For semiconductor nanowire structures the ratio of the minority charge carrier diffusion length over the light absorption depth is significantly reduced compared to bulk materials. In addition, nanostructured semiconductors exhibit larger surface-to-volume ratio. The dimensions of the nanostructures and their geometrical arrangement influence relevant processes such as light absorption, as well as charge separation and transport. Ion-track nanotechnology combined with electrodeposition and atomic layer deposition, enables the controlled synthesis of 3D architectures of semiconductor nanostructures with tailored composition, size and density.

Among the various materials studied as photocathodes for solar hydrogen production, Cu₂O is a promising candidate with a predicted solar-to-hydrogen conversion efficiency of ~18%. Moreover, Cu₂O is cheap, earth-abundant, non-toxic, and is also scalable and compatible with low-cost fabrication processes. Currently, the main challenge for Cu₂O-based photocathodes is their chemical instability in aqueous solution, which can be improved by the use of suitable passivation coatings.

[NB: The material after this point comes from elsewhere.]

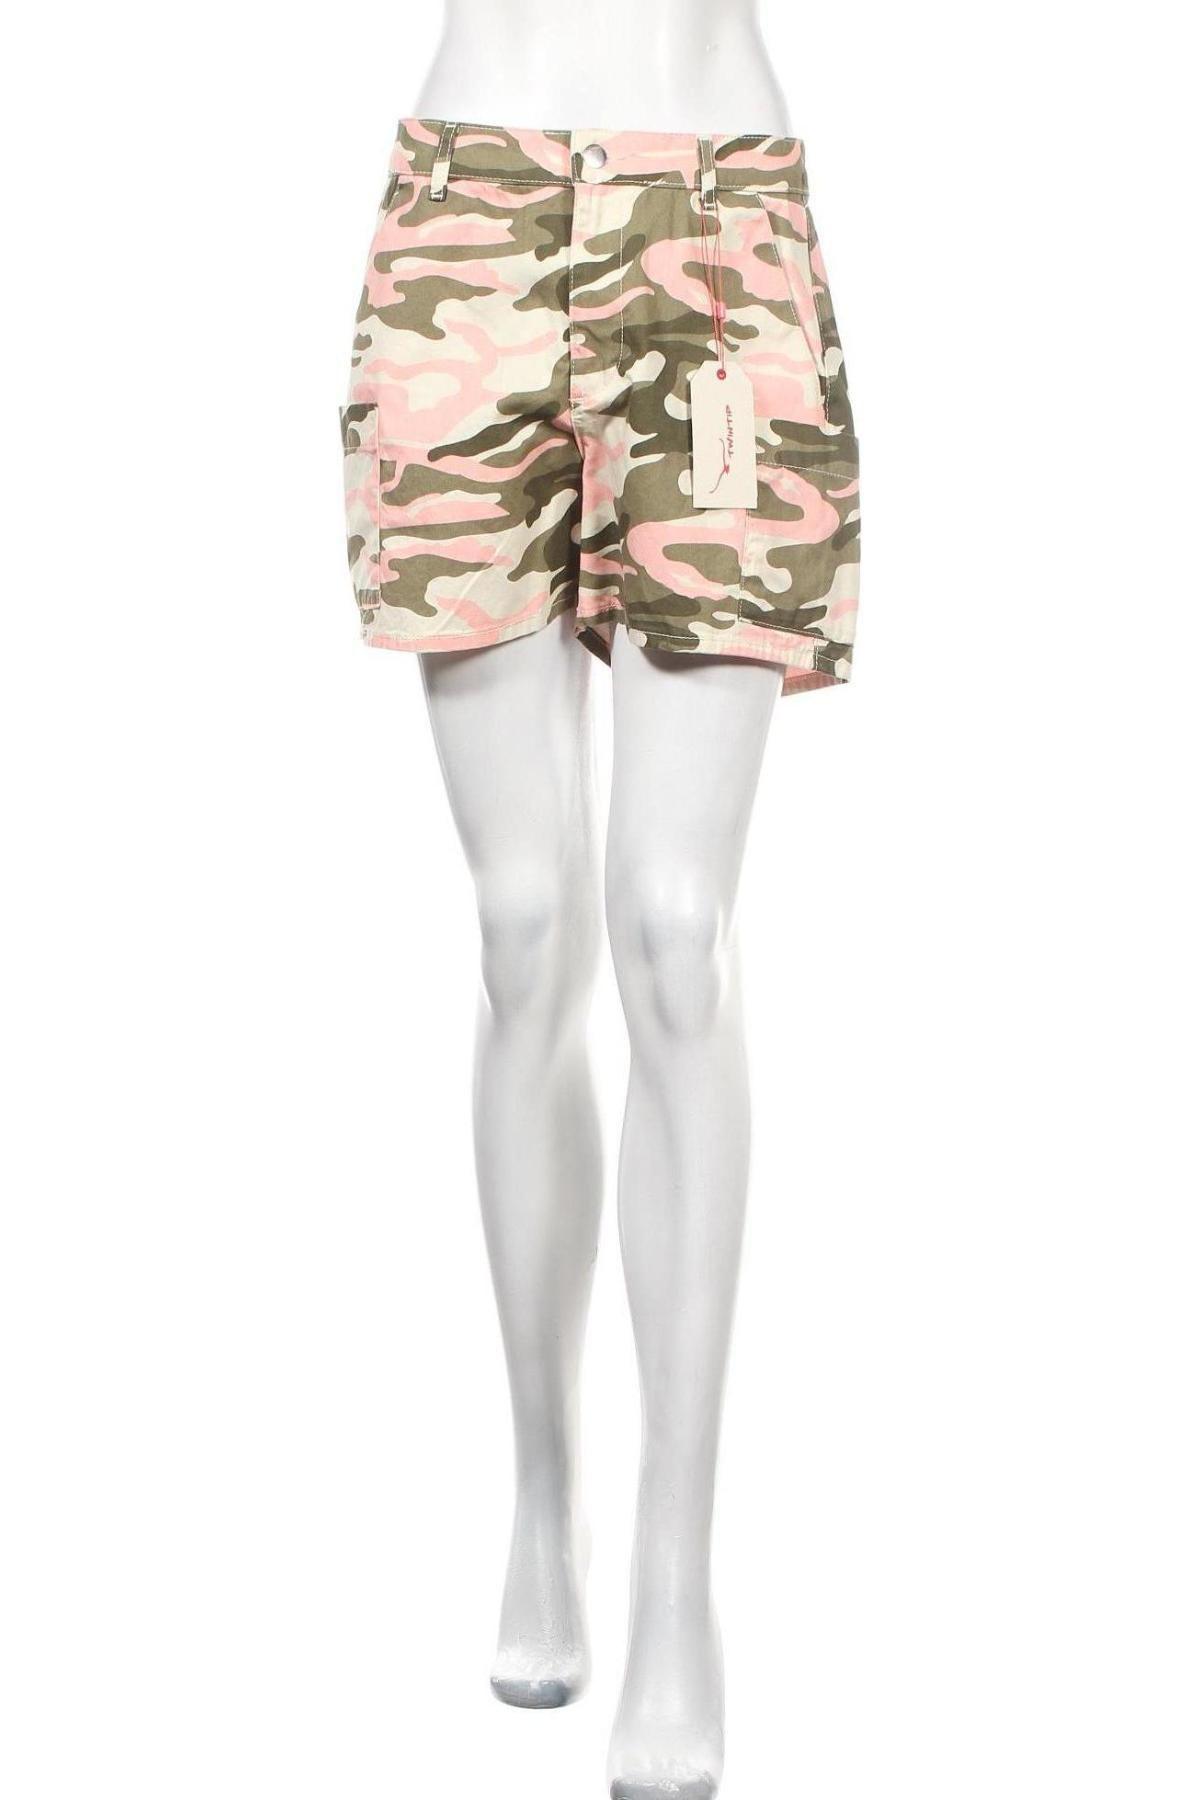 Γυναικείο κοντό παντελόνι Twintip, Μέγεθος M, Χρώμα Πολύχρωμο, Βαμβάκι, Τιμή 11,34€

Here, we present the synthesis and characterization of two types of semiconductor nanowire-based photocathodes: (i) highly textured single-crystalline p-type Cu₂O nanowire arrays prepared by electrodeposition in etched ion-track polymer membranes, (ii) Au/Cu₂O core-shell nanowire arrays prepared by electrodeposition of Cu₂O on arrays of free-standing single-crystalline Au nanowires. Polymer membranes with controlled nanochannel density (typically 10⁸ - 10¹⁰cm^-2) and channel diameter (~20 - 250 nm) are fabricated by swift heavy ion irradiation and selective chemical etching. Subsequently, either Cu₂O or Au nanowires with lengths up to 10 µm are synthesized by electrodeposition in the etched nanochannels. Optimized deposition conditions yield single-crystalline nanowires of both materials. After electrodeposition, the polymer membranes are dissolved in an organic solvent. The from the template released Cu₂O nanowire arrays are directly coated with a thin and conformal TiO₂ passivation film by atomic layer deposition (ALD). The Au nanowire arrays, in turn, are first coated with a Cu₂O layer by electrodeposition and then with a TiO₂ film by ALD. For optimization, the thickness of both layers is systematically varied during the synthesis.

The photoelectrochemical performance of both types of nanowire-based photoelectrodes is studied as a function of parameters such as nanowire length, diameter, and density. In particular, the influence of the core-shell geometry, and the resulting minimization of the diffusion length for both minority and majority charge carriers is discussed.